Hymn of the Week #5 - "Draw Us In the Spirit's Tether"

Draw us in the Spirit’s tether,

for when humbly in your name

two or three are met together,

thou art in the midst of them.

Alleluia! Alleluia!

Touch we now thy garment’s hem.

As disciples used to gather

in the name of Christ to sup,

then with thanks to God the Father

break the bread and bless the cup,

Alleluia! Alleluia!

so now bind our friendship up.

All our meals and all our living

make as sacraments of you,

that by caring, helping, giving,

we may true disciples be.

Alleluia! Alleluia!

We will serve thee faithfully.

- Percy Dearmer (1867-1936)

Have you ever wondered how words become a hymn? Who determines what goes into the hymnal? Well, in the church, as with most things, it's usually a committee's job. However, within that committee, there are often leaders who leave their personal mark on the final result.
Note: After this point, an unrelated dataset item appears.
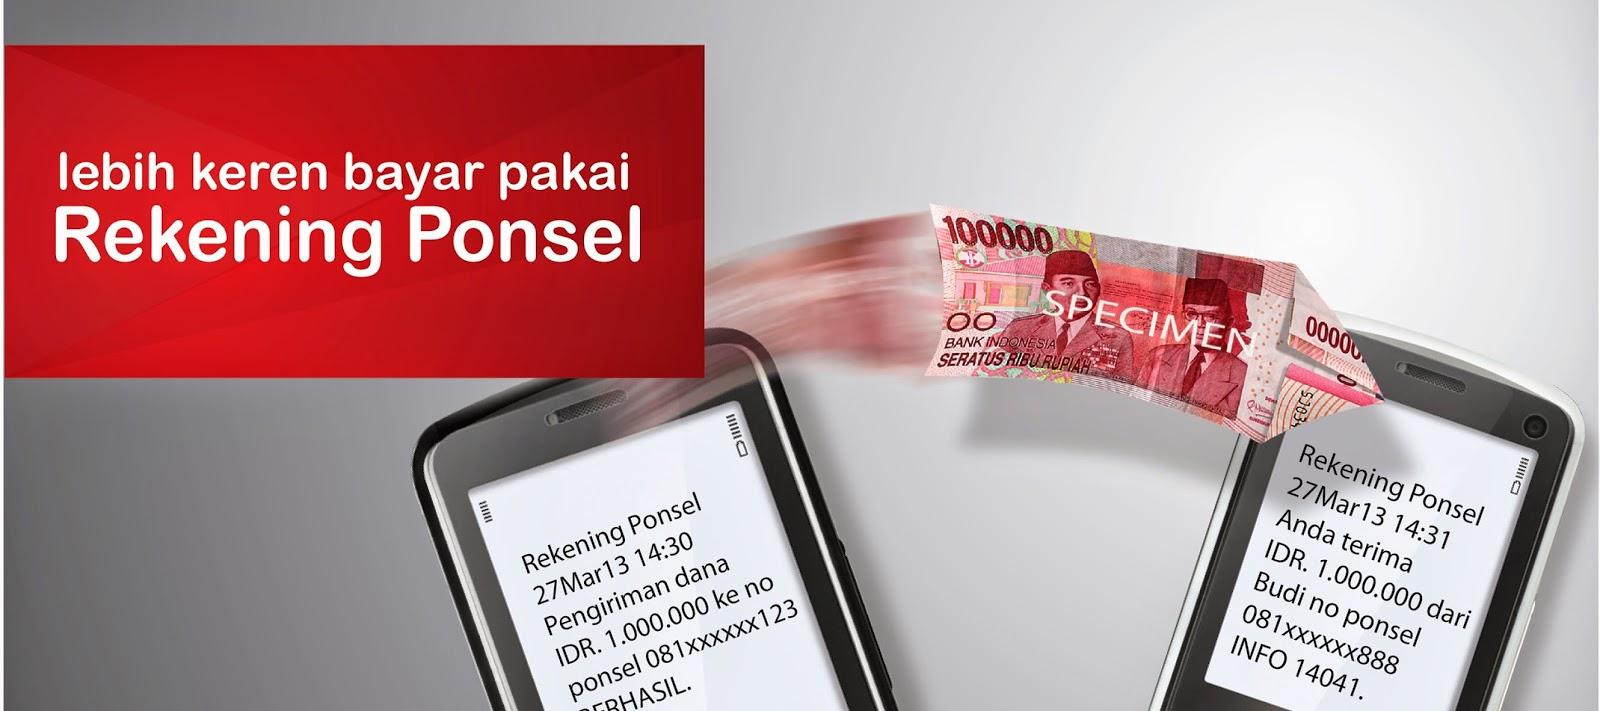 CIMB Niaga: Rekening Ponsel Pertama di Indonesia

This was certainly true with The Hymnal 1982, which was the product of a committee but distinctly reflects the influence of Ray Glover and Jim Litton.

One of the key figures in shaping our hymnody in the 20th century was Percy Dearmer (1867-1936), who, along with Ralph Vaughan Williams, played a significant role in developing our hymn repertoire. They achieved this through their editing of The English Hymnal, which was published in 1906. Dearmer, an English priest, also gained recognition as the author of The Parson's Handbook, published in 1899. His influence can be found in the liturgy we celebrate at All Saints even today.

Dearmer wrote a hymn in response to George Bourne's (1840-1925) "post-communion" hymn, "Lord, enthroned in heavenly splendor," which was set to the tune Bryn Calfaria (#307 in the Hymnal 1982). Dearmer felt that this melody did not possess the desired devotional qualities for a post-Communion hymn. Consequently, he wrote three new verses and paired them with a more subtle melody, considering it as "part 2" to Bourne's hymn.

Ultimately, the text would go on relatively unknown until 1957, when Harold Friedell(1905-1958) would provide a new vehicle for the text – a tune known as Union Seminary. He would set the tune and text as an anthem. Friedell, a renowned performer and educator, spent his entire life and career in and around New York City. He taught at Julliard and Union Seminary and held esteemed positions in the Episcopal Church throughout the city, culminating in St. Bartholomew's Church. Tragically, he passed away at the age of 57 from a heart attack while walking through heavy snow following a storm the night before.

While Dearmer's hymn has been included in more than 20 hymnals of other denominations, it has yet to be featured in any of the Episcopal Church hymnals. If I were to make a recommendation to the committee responsible for our next hymnal, I would suggest including this hymn!